== About this task ==
Can you copy out the data exactly? Leave the images out.

== Collected material ==
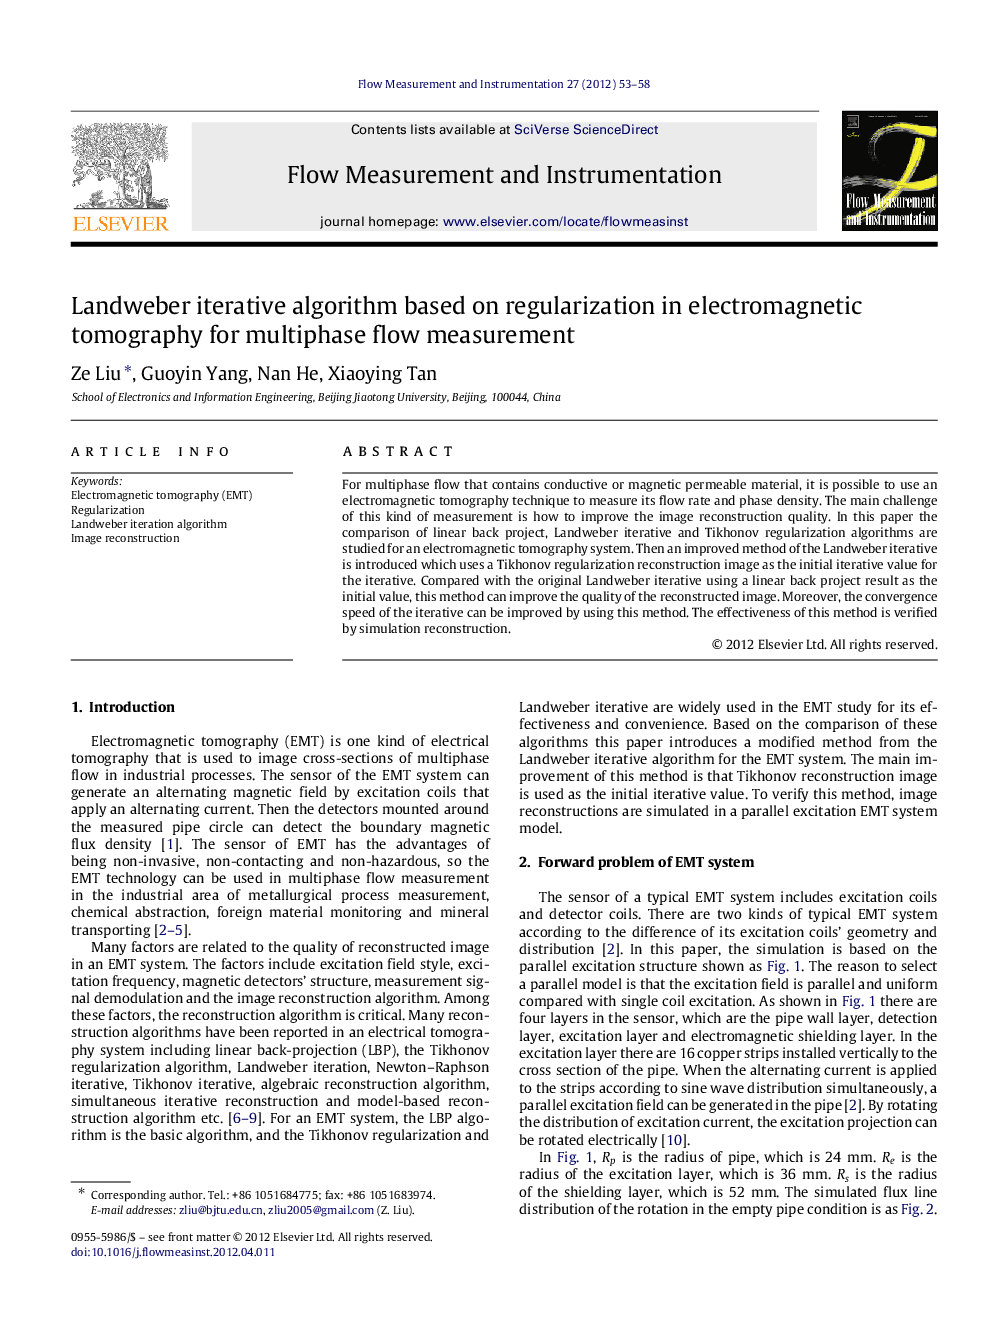 Landweber iterative algorithm based on regularization in electromagnetic tomography for multiphase flow measurement
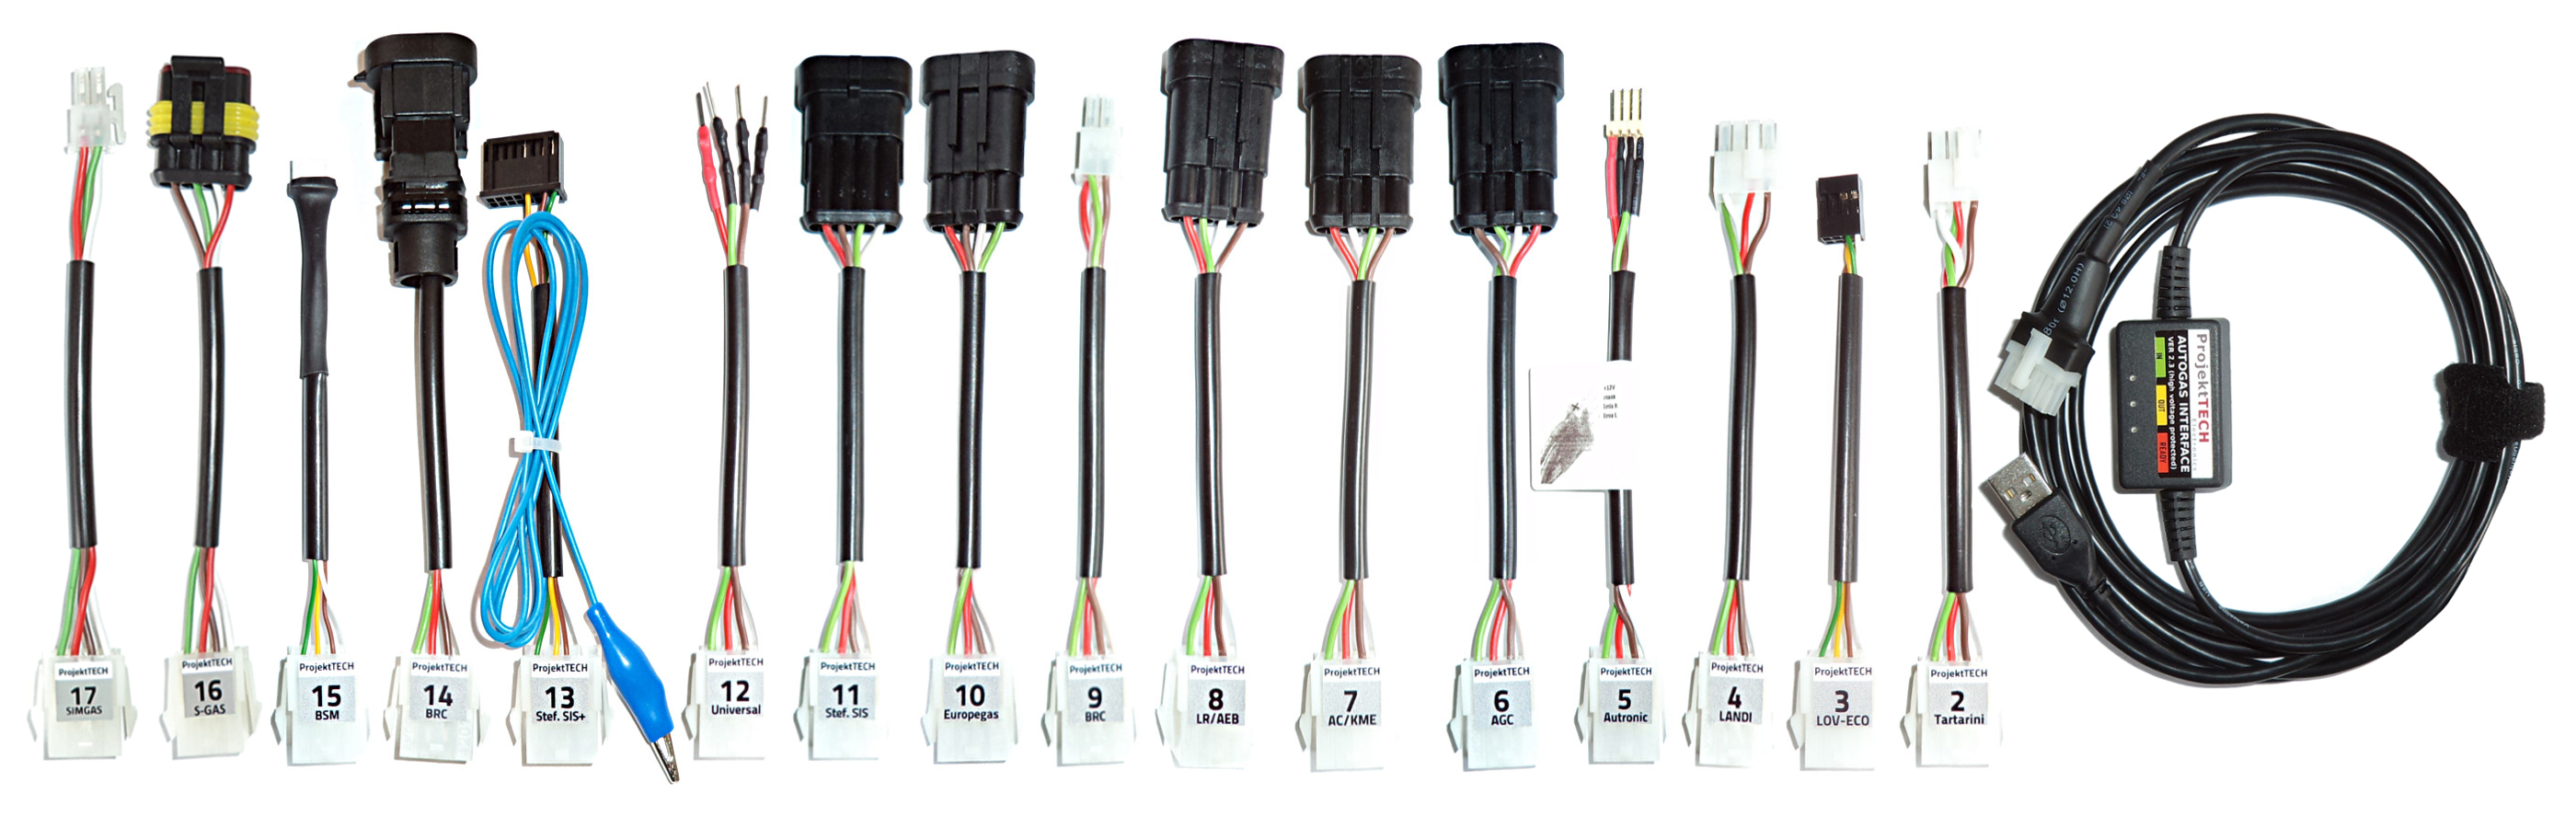 Set of 17 cables kme, stag, lov-eco, compact, landi renzo, brc, s-gas, europegas, stefanelli, universal, sis, bsm, autronic, just heavy, tartarini, lendi, simgas
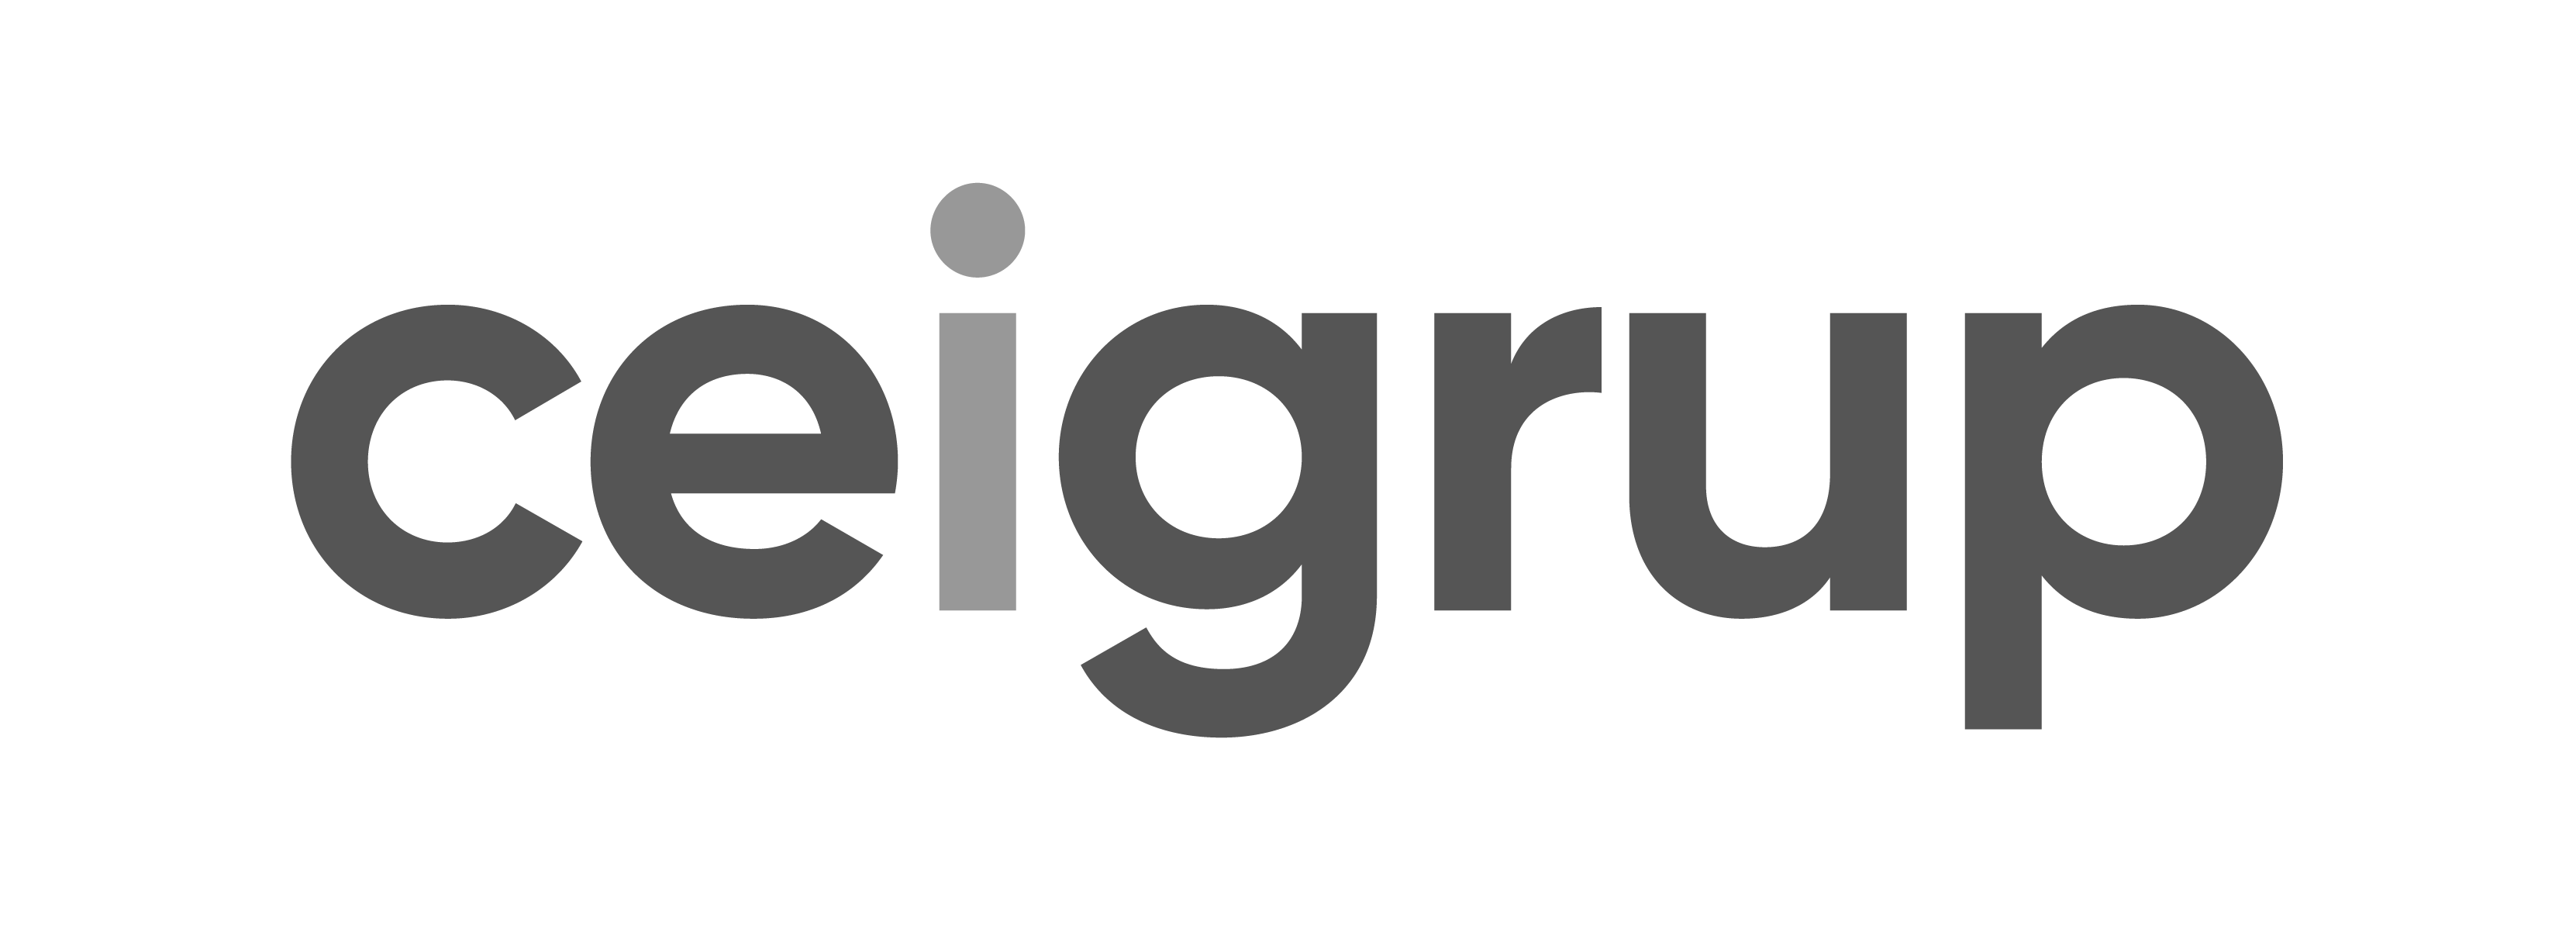 Logo Ceigrup
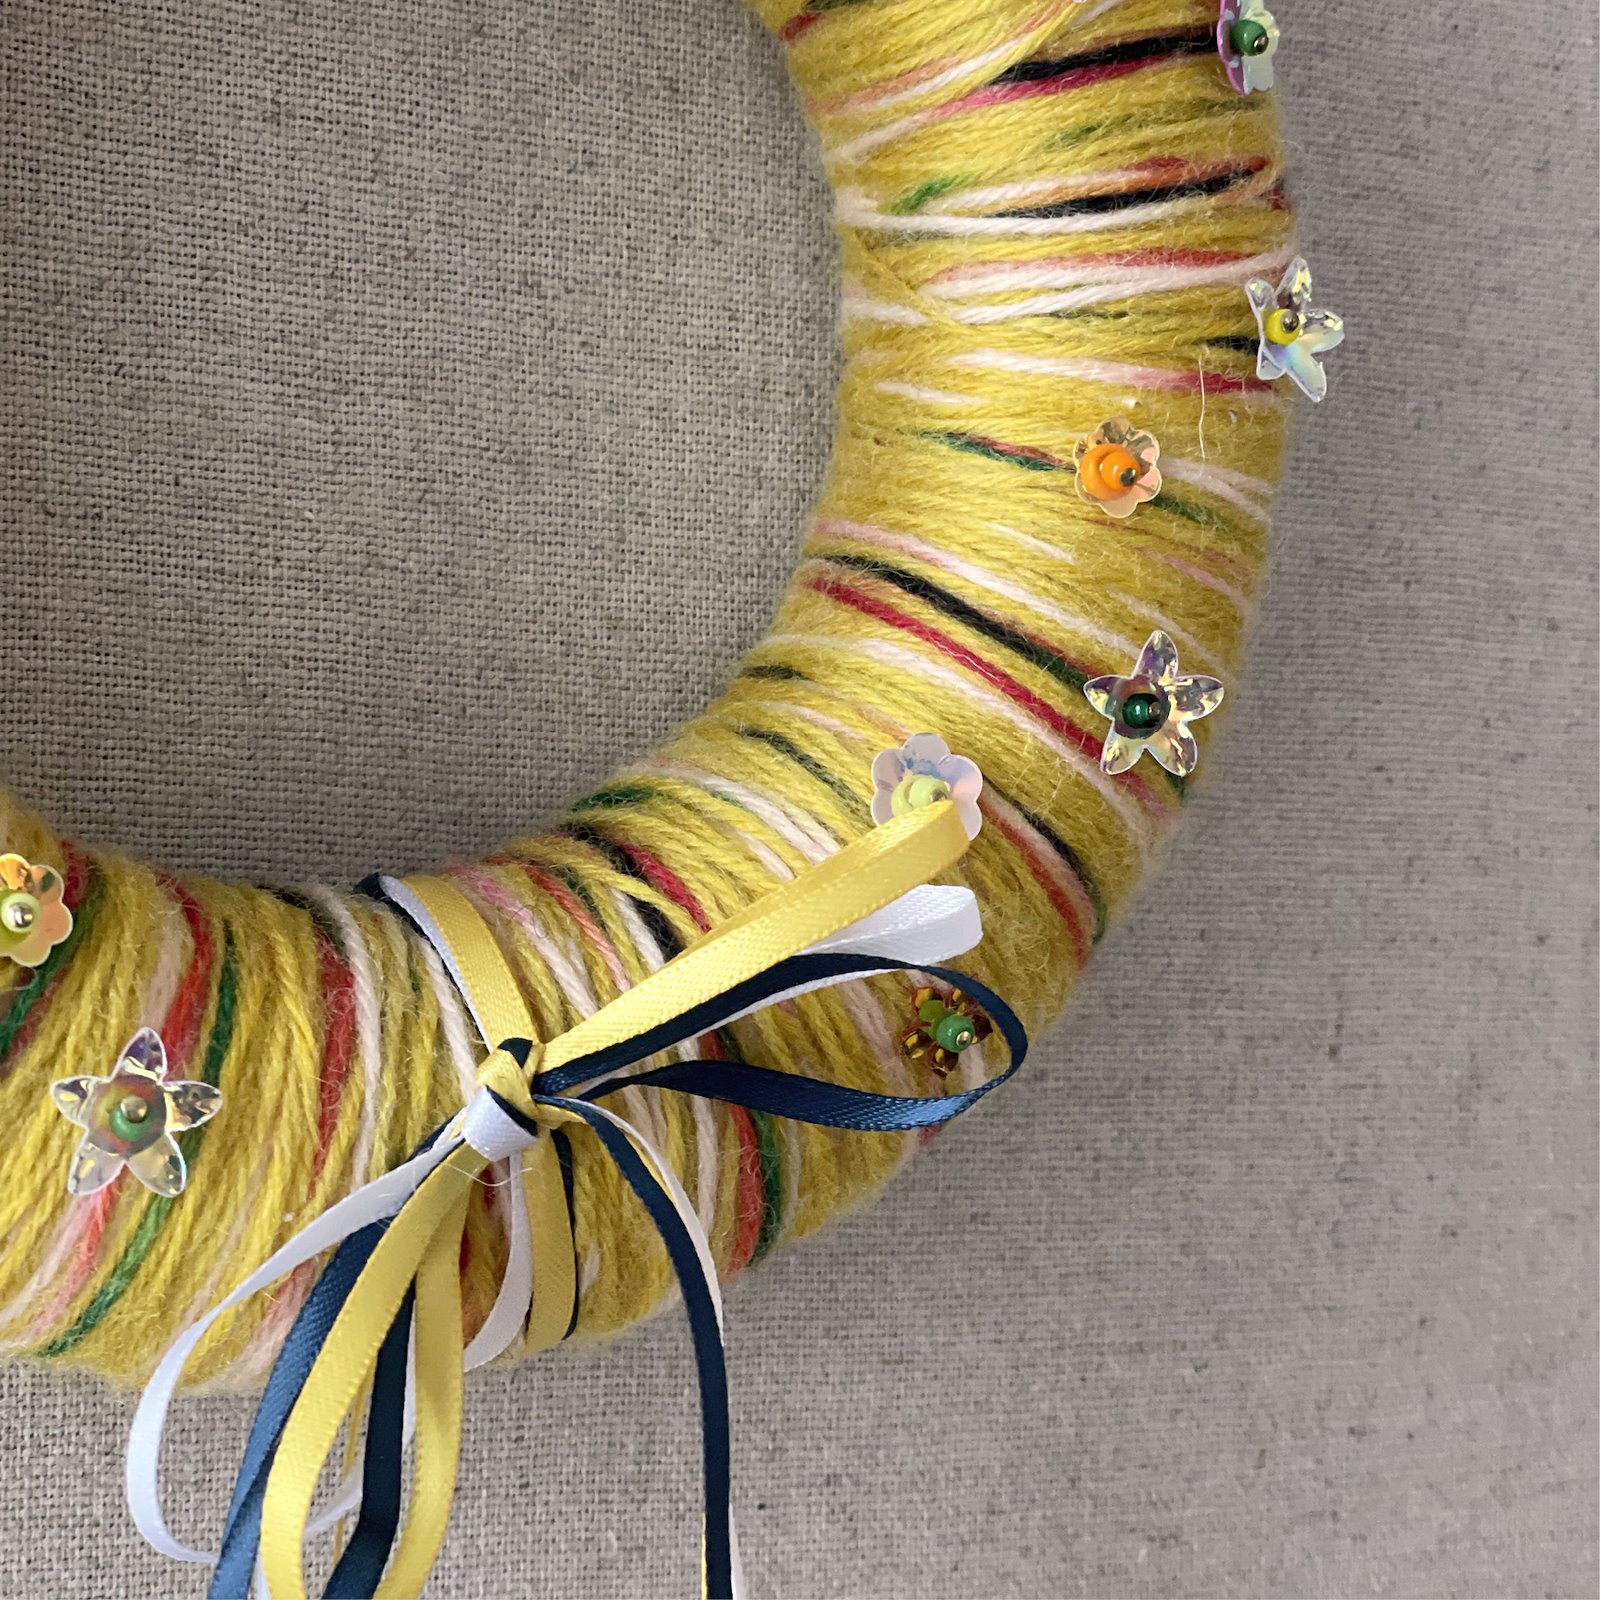 DIY: Yarn-wrapped Easter wreath DIY4308-step3.jpg

== Solution below ==
 Landweber iterative algorithm based on regularization in electromagnetic tomography for multiphase flow measurement
 Set of 17 cables kme, stag, lov-eco, compact, landi renzo, brc, s-gas, europegas, stefanelli, universal, sis, bsm, autronic, just heavy, tartarini, lendi, simgas
 Logo Ceigrup
 DIY: Yarn-wrapped Easter wreath DIY4308-step3.jpg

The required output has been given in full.